Spearman rank correlation coefficient (r) with 1000 bootstrap replications of the baseline scores was calculated to assess the correlation between the scores of the EQ5D and ODI and SF6D and ODI.
Responsiveness is defined as the ability of an instrument to detect change over time in the construct to be measured . Responsiveness was assessed by using the ODI and the seven-point global scores at 2-year follow-up as “gold standard”. First, we calculated the Spearman rank correlation coefficient (r) with 1000 bootstrap replications for the correlation between change scores from baseline to 2 year FU for the EQ5D, SF6D and ODI. Second, we analyzed the area under the Receiver Operator Curve (ROC) for the change scores of the EQ5D, SF6D and ODI by using a dichotomization of the patient global scores as follows: Categories 1 to 3 was considered “improved” and categories 4 to 7 were “non-improved”. Sensitivity was defined as the proportion of patients who were correctly classified as “improved” and specificity was defined as the proportion of patients who were correctly classified as “non-improved”. A receiver operating characteristic (ROC) curve was then calculated by plotting every possible change score from baseline to 2 year FU for EQ5D, SF6D and ODI using the global score as an anchor [37, 38]. The area under the ROC curve (AUC) was then calculated. This value corresponds to the possibility of correctly diagnosing a patient as having improved when this is really the case  and reflects how responsive the instruments are to detect a change in the underlying construct.

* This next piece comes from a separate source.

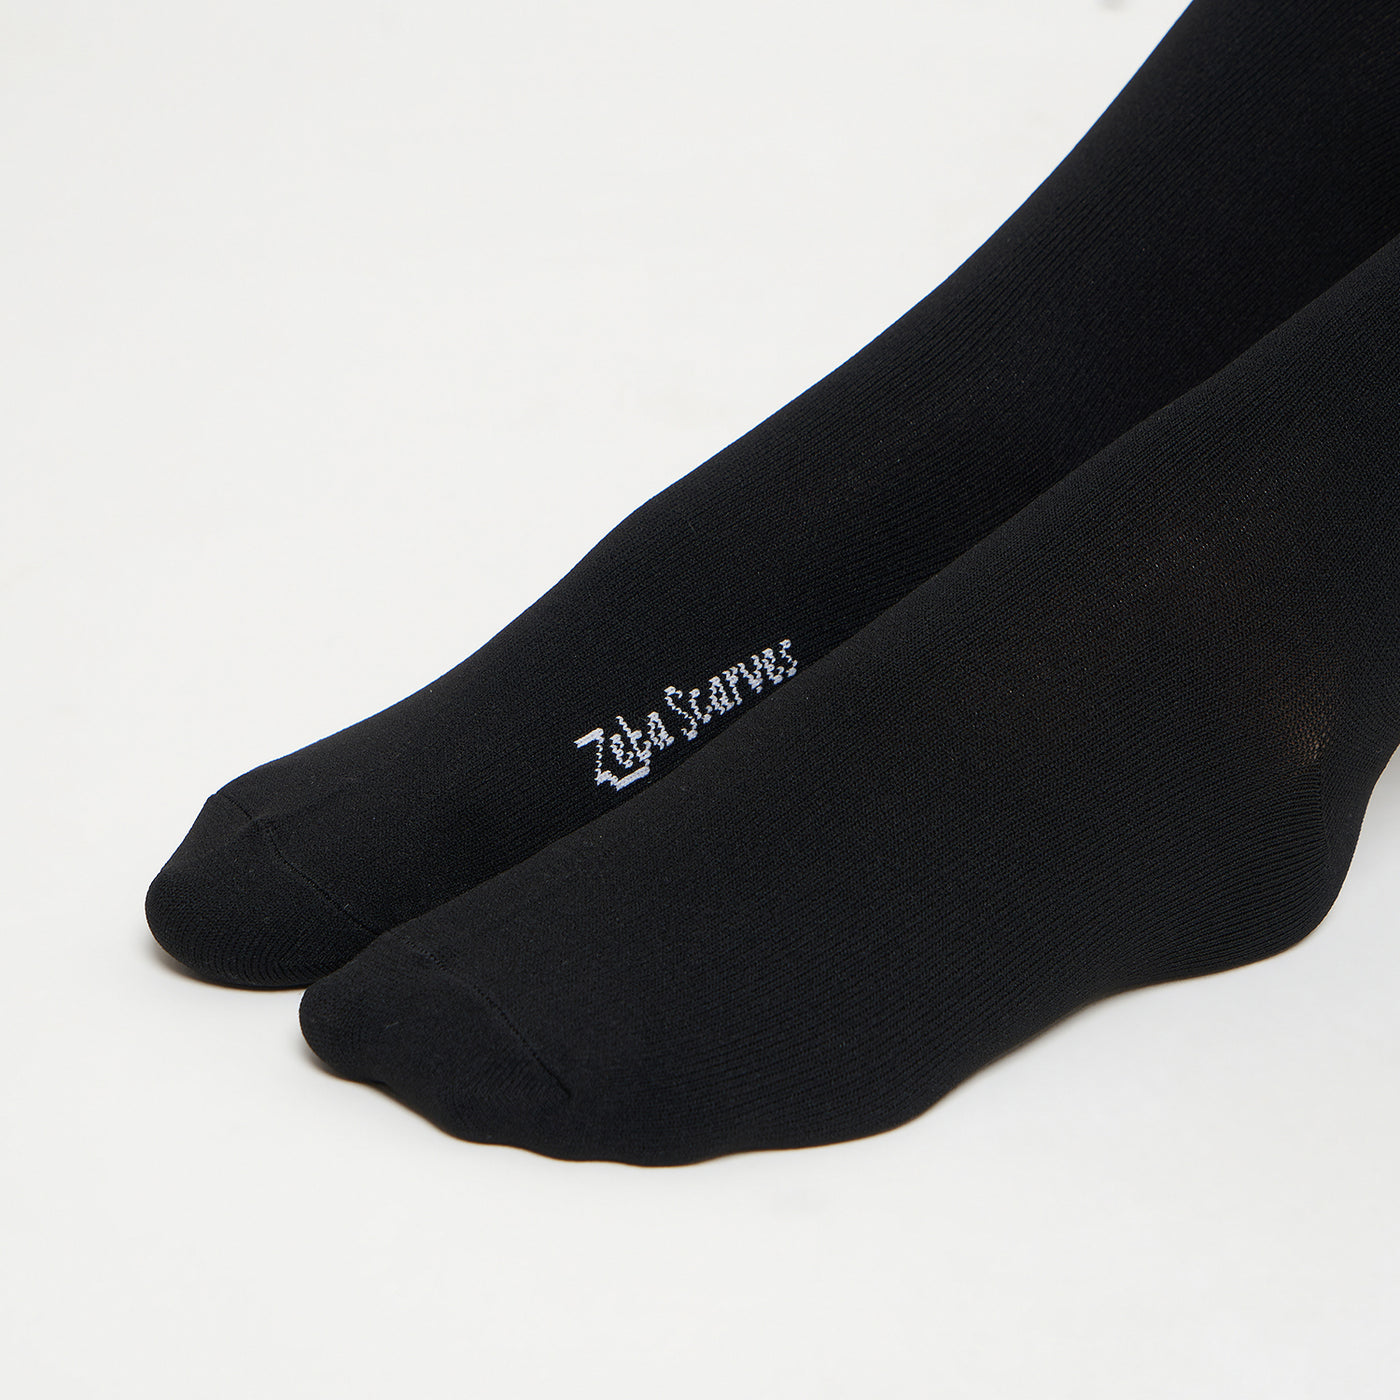 ZS Essential - Socks in 3 Colors

The calculation of ROC curves was performed with MedCalc Statistica software (version 11.1.1. for Windows, Brussels, Belgia).

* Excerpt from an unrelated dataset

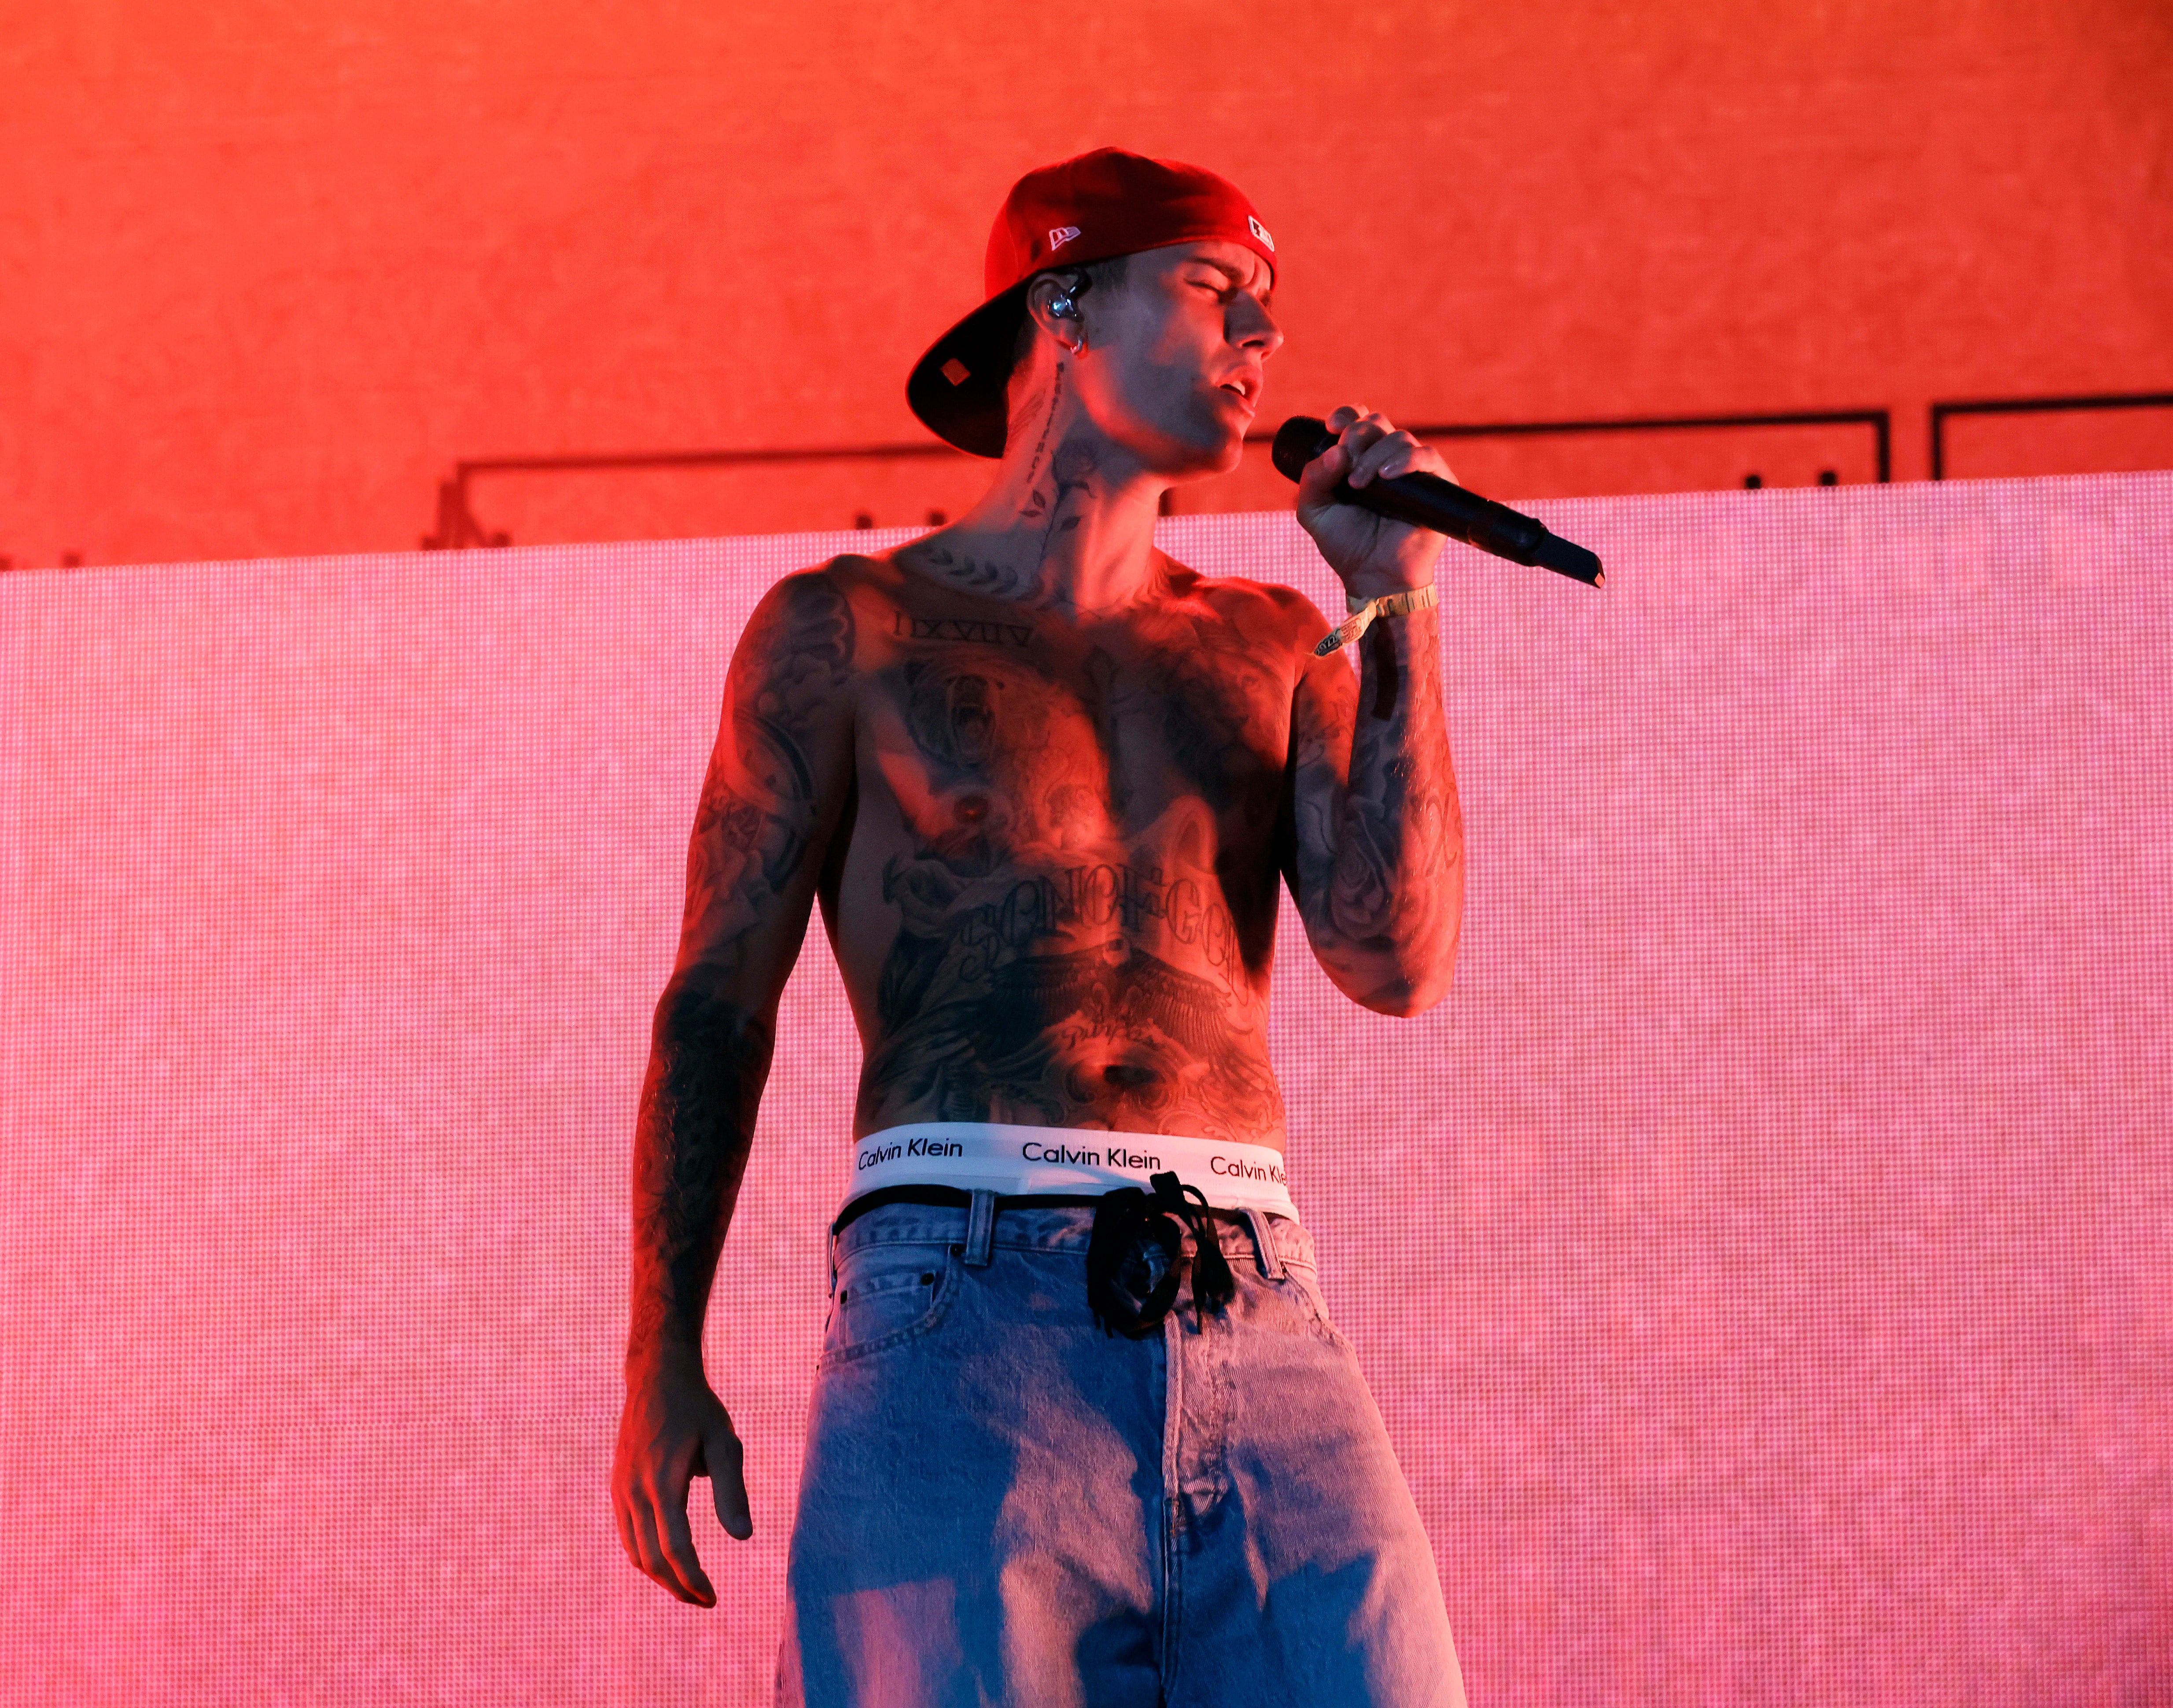 Bieber made a surprise appearance at Coachella

Interpretability concerns the qualitative meaning of quantitative scores or change in scores. A core question is: “What is the smallest change in score in the construct to be measured which patients consider important? This is expressed as the Minimal Important Change (MIC) value , and is calculated based on the sensitivity and specificity results from the ROC analysis described above. The cut-off value for differentiating between patients with or without improvement at optimum sensitivity and specificity was determined using ROC analysis . This corresponds to the upper left point on the ROC curve and it can be interpreted as the point or value that yields the lowest overall misclassification [25, 39].
The study was evaluated and approved by the regional Committee for Medical Research Ethics in east Norway. Storage of data was allowed by the Norwegian Data Inspectorate. The study was conducted in accordance with the Helsinki Declaration and the ICH-GCP guidelines and registered at clinicaltrial.gov under the identifier NCT00394732.